Rabu, 02 Juli 2014

Tizen IVI 3.0 diumumkan di Tokyo: 64bit kernel, HTML5 cross-platform, enterprise-ready, UHD 4K dan Wayland


Automotive Grade Linux (AGL), sebuah proyek kolaborasi open source untuk mengembangkan software stack common berbasis Linux untuk connected car, telah mengumumkan platform referensi Tizen IVI 3.0 saat berlangsungnya acara Automotive Linux Summit 2014 yang diselenggarakan di Tokyo, Jepang, antara tanggal 1-2 Juli 2014.

Sebagai salah satu pembicara kunci, Mark Skarpness, Director of System Engineering di Intel Open Source Technology Center menggambarkan status dan pengembangan dari proyek Tizen IVI. Menurut Mark Skarpness, "upstream first" sangat penting dalam proyek-proyek open source, seperti Tizen IVI dan AGL.



Versi terbaru untuk bulan Juli 2014 adalah Tizen IVI 3.0 yang telah menjadi platform referensi AGL dan juga GENIVI Alliance. Tizen IVI 3.0 mempermudah penggunaan aplikasi berbasis HTML5 mudah. Engine Runtime menggunakan Crosswalk, rendering engine open source berbasis Blink yang dikembangkan oleh Intel. Penggunaan kernel 64-bit berarti tidak ada lagi batasan memori seperti 32-bit, dan juga mendukung konten generasi berikutnya konten, seperti konten UHD 4K. Display Manager menggunakan Wayland untuk penggunaan multi-display yang lebih fleksibel.

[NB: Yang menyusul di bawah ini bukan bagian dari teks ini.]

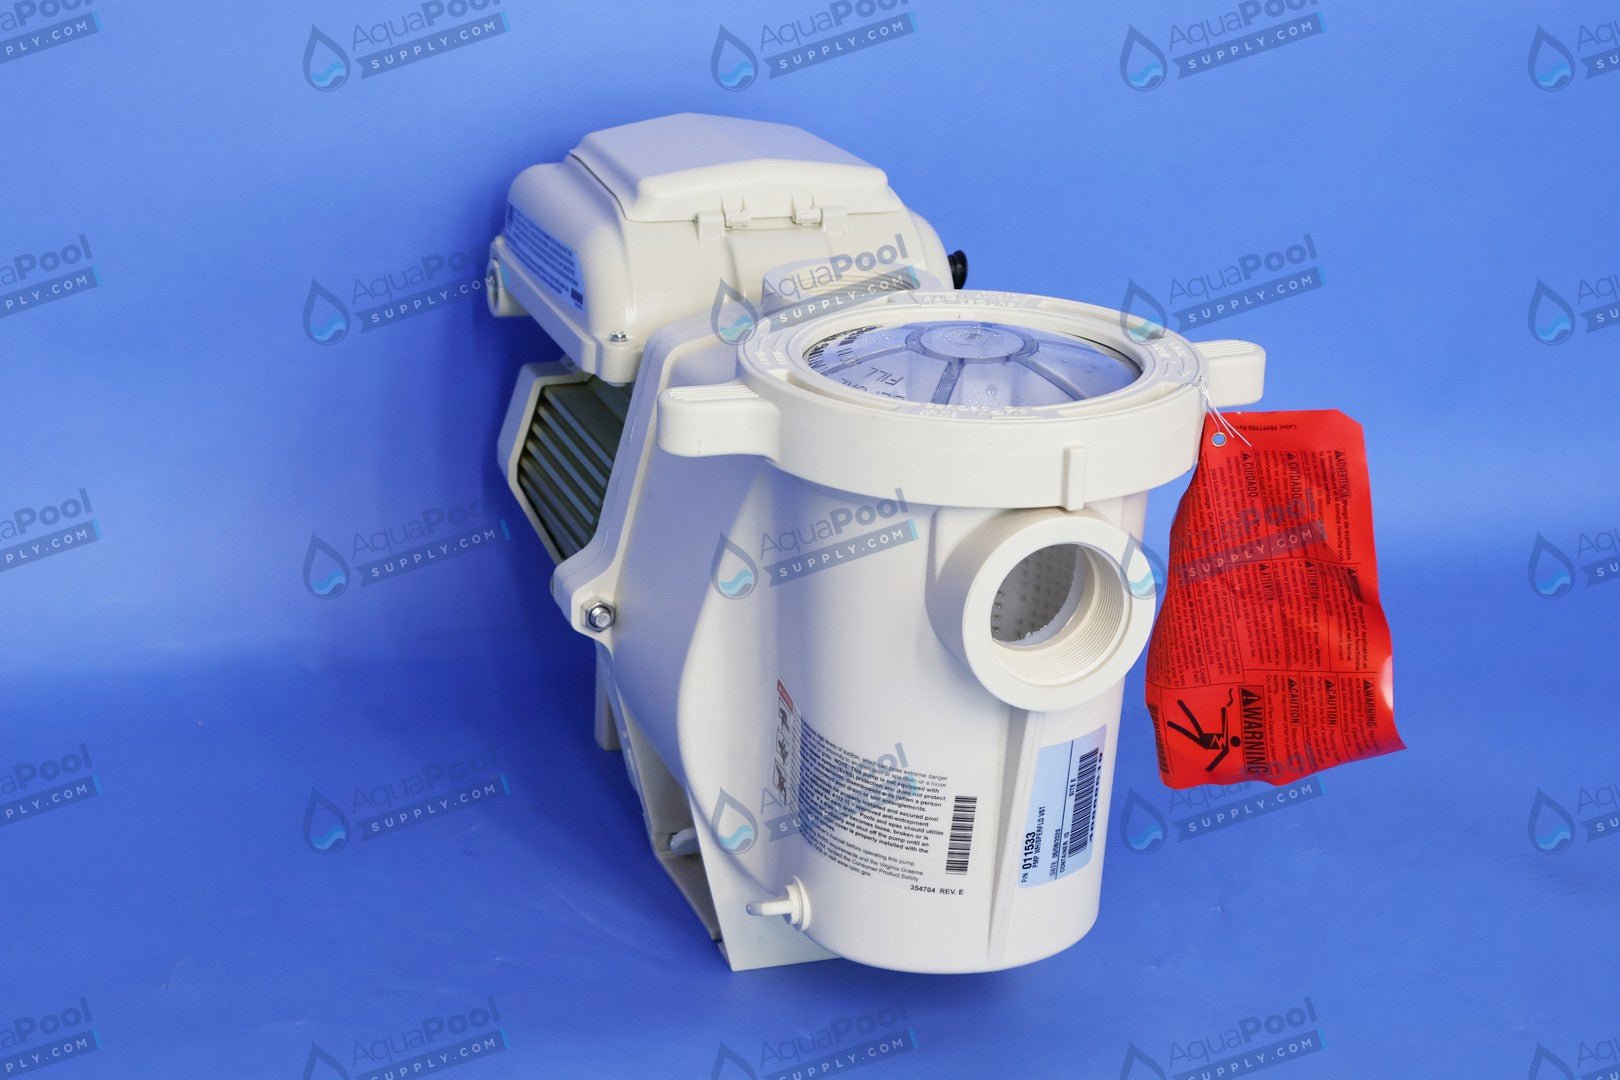 Pentair WhisperFlo® VST Variable Speed Pump EC-011533 - Variable Speed Pumps
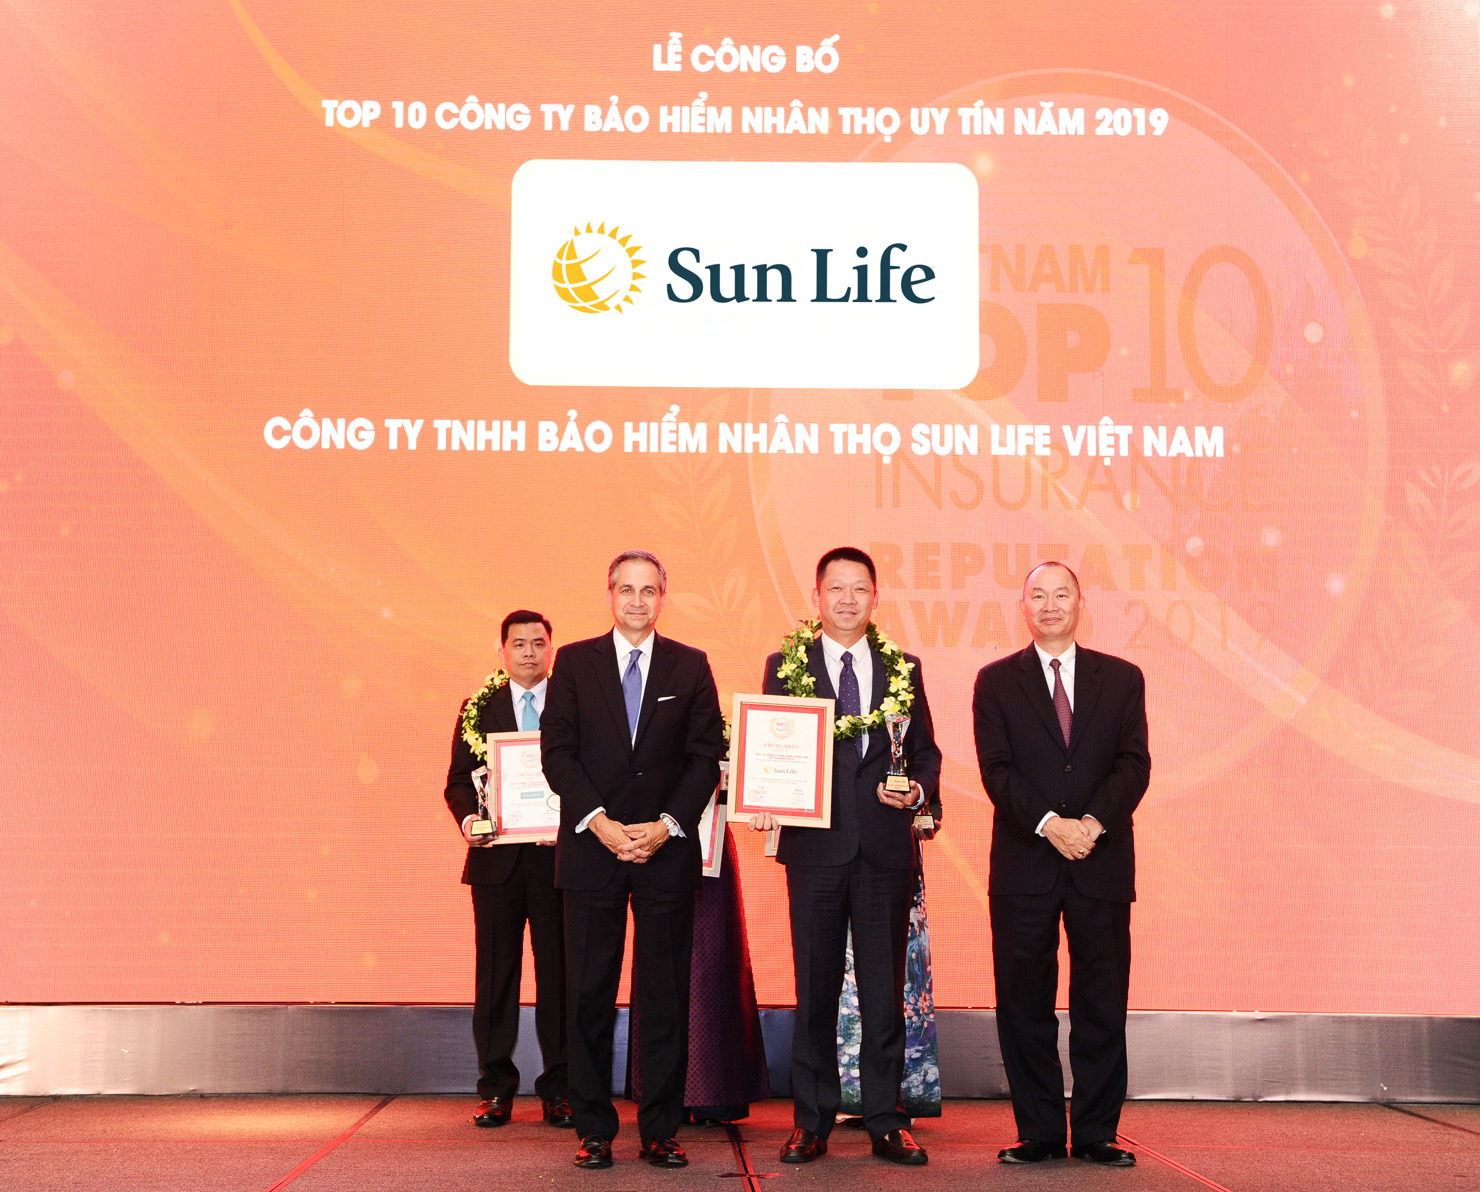 Đại diện Sun Life Việt Nam nhận chứng nhận Top 10 công ty bảo hiểm nhân thọ uy tín nhất Việt Nam năm 2019.

Sementara Tizen IVI 3.0 terus dipoles, ada perubahan dalam pengembangan proyek Tizen secara umum baru-baru ini. Di masa depan, platform Tizen Common 3.0 akan menjadi bagian umum dari pengembangan untuk profile Tizen Mobile dan Tizen IVI, serta profile lainnya yang muncul di masa depan.


Sementara Matt Jones, Senior Technical Specialist di Jaguar Land Rover dan Vice Presiden dari GENIVI Alliance, menjelaskan tingkat efektivitas di AGL. Mulai dari investasi sebesar $1 melalui AGL hingga bisa menghasilkan nilai puluhan dolar.



Matt Jones menjelaskan bahwa perusahaannya bersama Intel melalui AGL telah bekerja sama untuk mengembangkan Tizen IVI 3.0 sebagai platform referensi untuk sistem informasi di dalam kendaraan. Dalam pengembangan software ini, sejumlah perusahaan juga ikut berpartisipasi, seperti Denso, Toyota Motor Corp dan Nissan Motor Co, Ltd.